Macroeconomic stability during the first half of FY2026 was further supported by robust remittance inflows and strong performance in domestic financial markets. The Pakistan Stock Exchange emerged as one of the top-performing equity markets globally, reflecting improving investor confidence amid easing inflationary pressures and better growth prospects.

The agriculture sector showed a notable recovery, posting growth of 2.9 percent in the first quarter of FY2026 compared to 1 percent in the corresponding period last year. While major crops excluding wheat recorded a contraction of 0.7 percent, this marked a sharp improvement from the 13.1 percent contraction witnessed a year earlier, largely due to relatively lower losses in cotton production. The improved agricultural performance contributed to overall economic resilience despite ongoing structural challenges in the sector.

Industrial activity remained a key driver of growth. Large-Scale Manufacturing registered a growth of 6 percent during July–November FY2026, with the Quantum Index of Manufacturing reaching its highest level for this period since FY2016. Sixteen industrial sectors recorded positive growth, highlighting broad-based recovery. In November 2025 alone, LSM grew by 10.4 percent on a year-on-year basis and by 0.2 percent month-on-month, underlining strengthening industrial momentum.

On the fiscal front, the government achieved a fiscal surplus during July–November FY2026. Gross federal revenue receipts grew by 7.8 percent during the period, driven by a 10.2 percent increase in Federal Board of Revenue collections and a 4.8 percent rise in non-tax revenues. Total expenditure declined by 6.2 percent, primarily due to a 6.4 percent reduction in current expenditure as mark-up payments fell by 21.3 percent. Development expenditure, however, increased by 1.5 percent, indicating continued support for growth-oriented spending.

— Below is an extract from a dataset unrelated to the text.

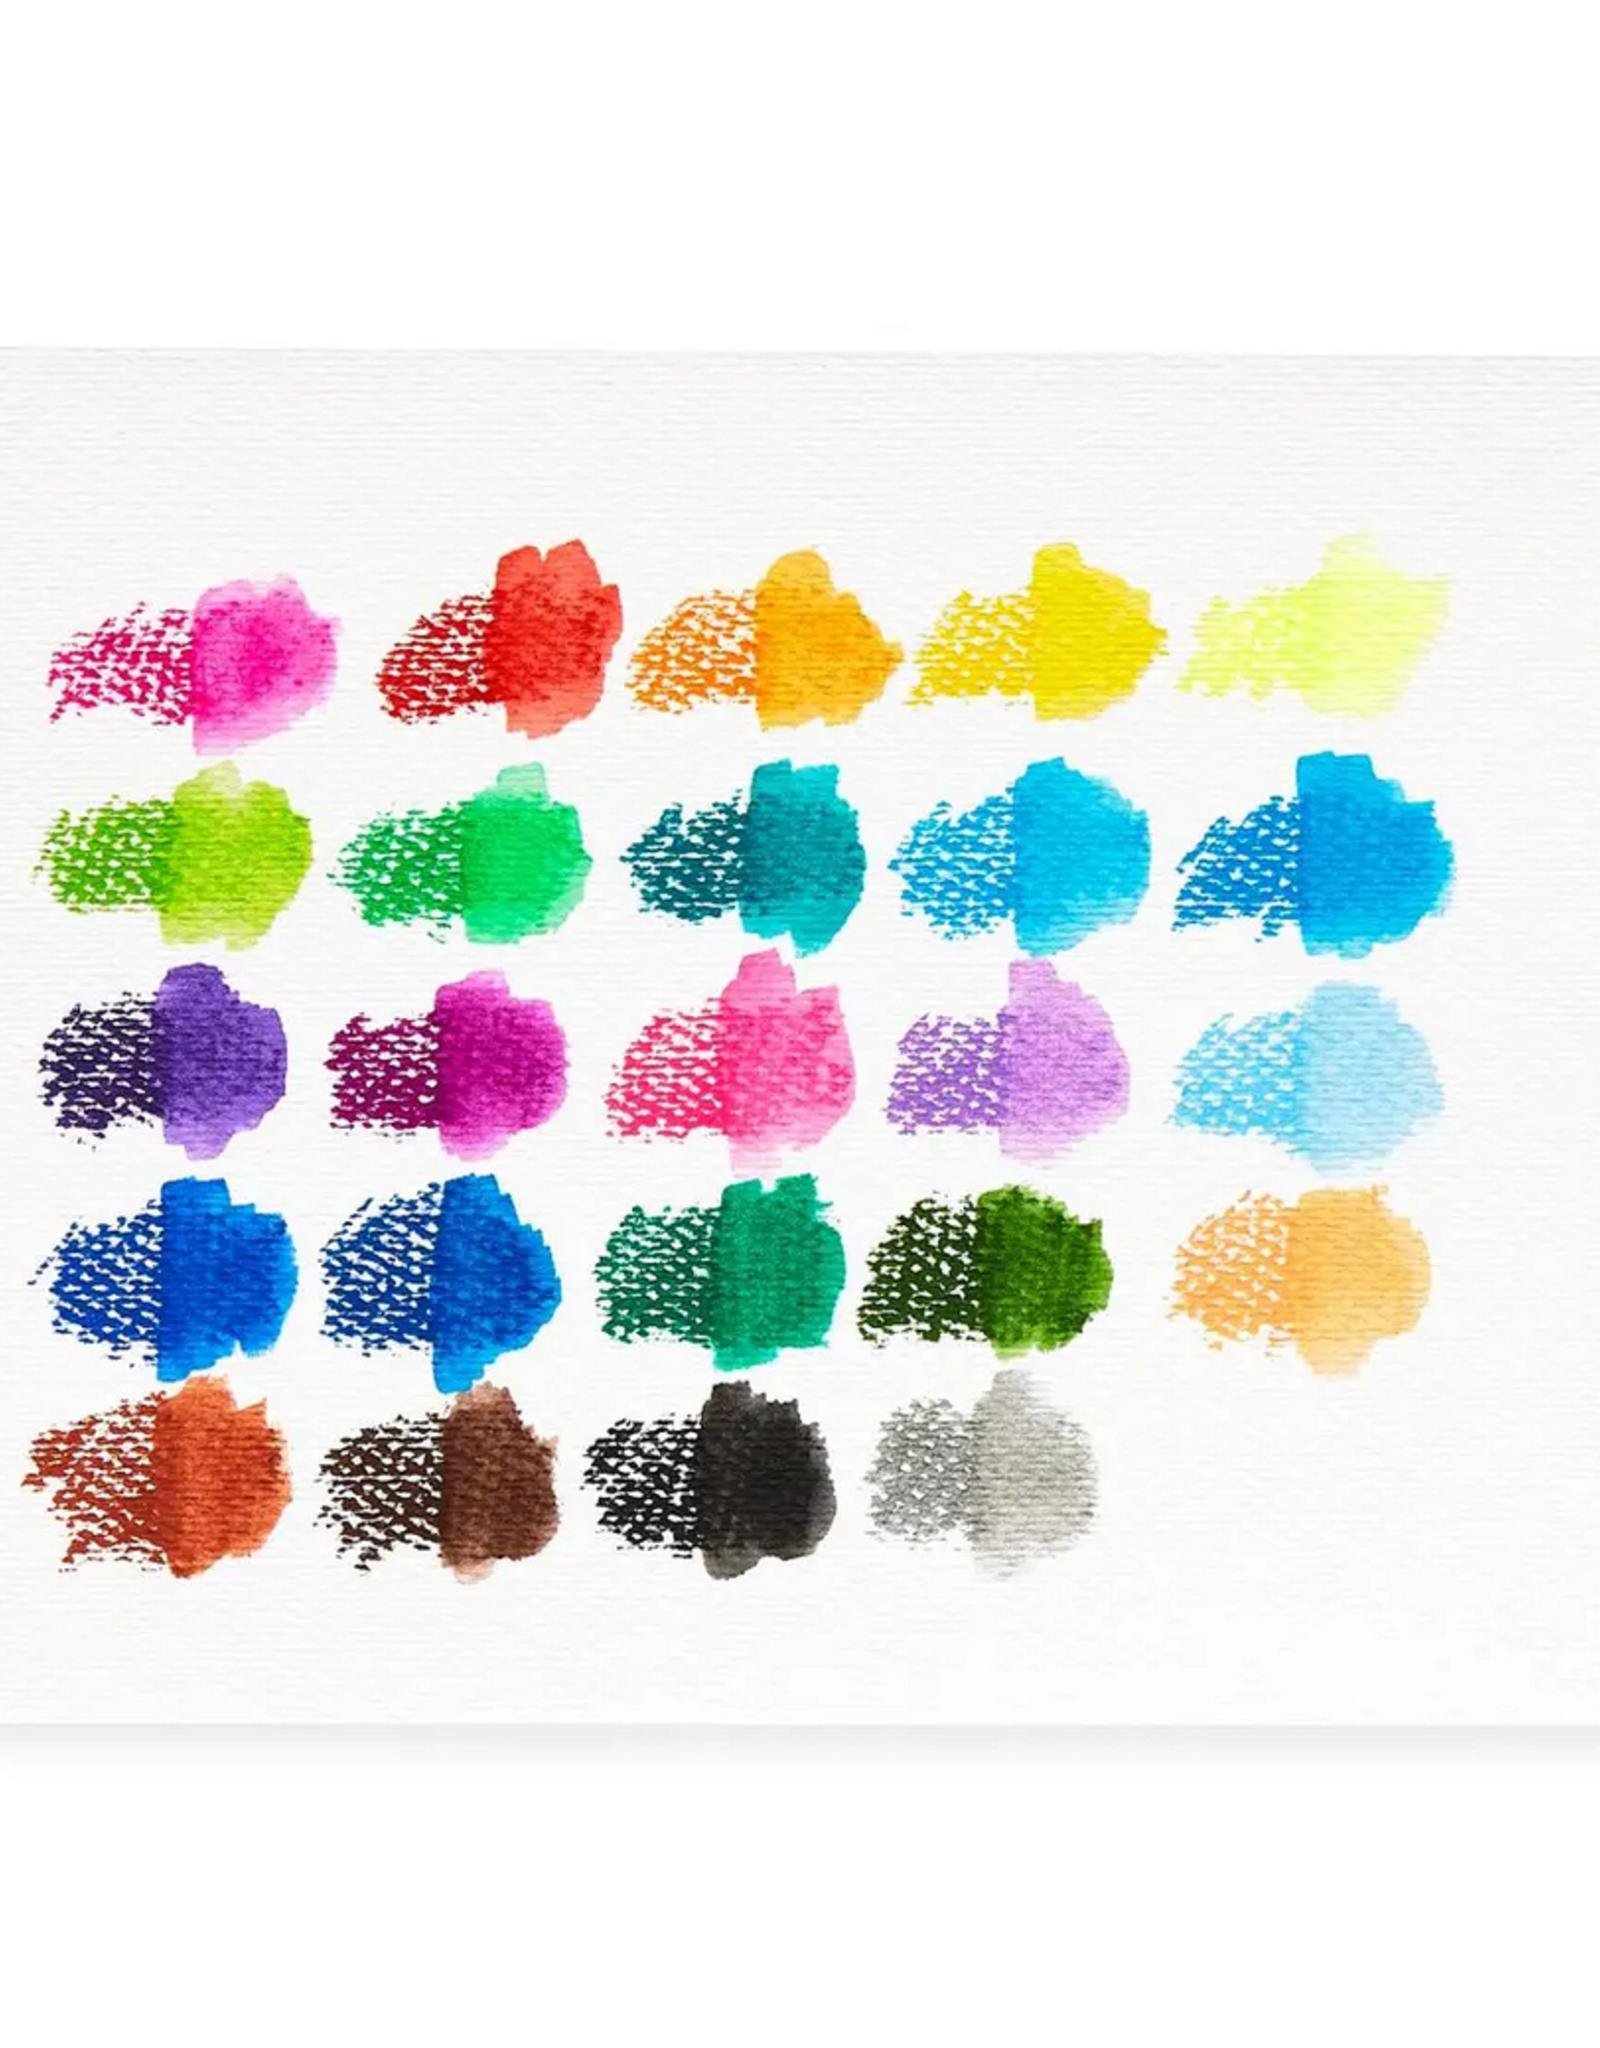 Ooly Ooly | Smooth Stix Watercolor Gel Crayons (Set of 24)

The external sector showed mixed trends. The current account recorded a deficit of $1.2 billion during July–December FY2026, compared to a surplus of $0.96 billion in the same period last year. Goods and services exports stood at $20.3 billion, broadly in line with last year’s $20.4 billion, with goods exports recorded at $15.5 billion. Services exports were led by IT services, which increased by nearly 20 percent to $2.2 billion. Imports, however, rose to $37.8 billion from $33.5 billion, widening the trade deficit in goods and services to $17.6 billion from $13.1 billion a year earlier.

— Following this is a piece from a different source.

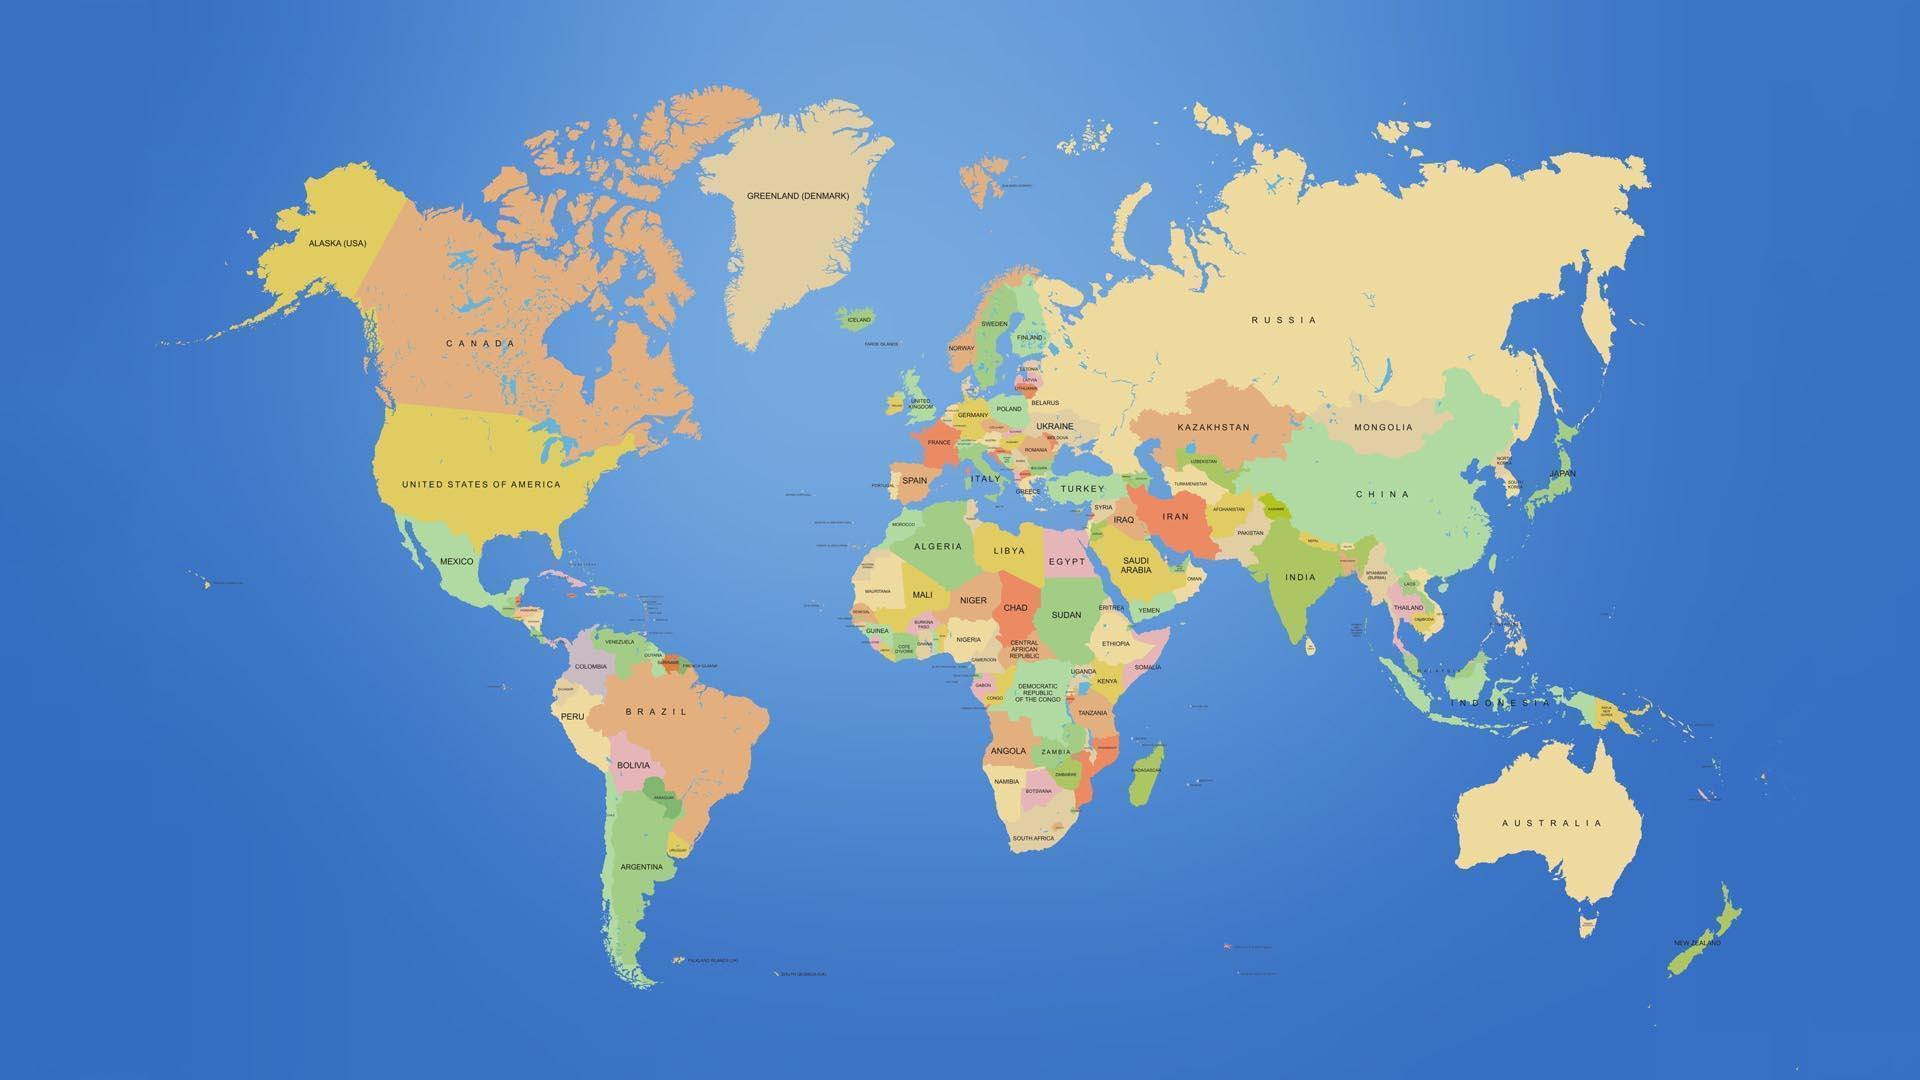 World Map Desktop Backgrounds - Wallpaper Cave

Workers’ remittances provided critical support to the external account, increasing by 10.6 percent to $19.7 billion during July–December FY2026. The growth was primarily driven by inflows from Saudi Arabia and the UAE, which rose by 23.9 percent and 20.7 percent, respectively. Net foreign direct investment inflows declined to $808.1 million during the period.

Monetary indicators reflected improving domestic conditions. Money supply grew by 3.7 percent during July–December FY2026, compared to a contraction of 0.7 percent in the same period last year. Net domestic assets of the banking sector increased significantly, while the government retired Rs347 billion in borrowing for budgetary support, reflecting improved fiscal discipline.

The Finance Division concluded that Pakistan’s economy remains well positioned to sustain its growth momentum in FY2026. The report attributed this outlook to encouraging performance in large-scale manufacturing, stable inflation, prudent policy measures, ongoing structural reforms, and easing monetary conditions. While the current account is expected to remain in deficit, strong remittance inflows and steady growth in IT and services exports are likely to cushion external pressures and support overall macroeconomic stability.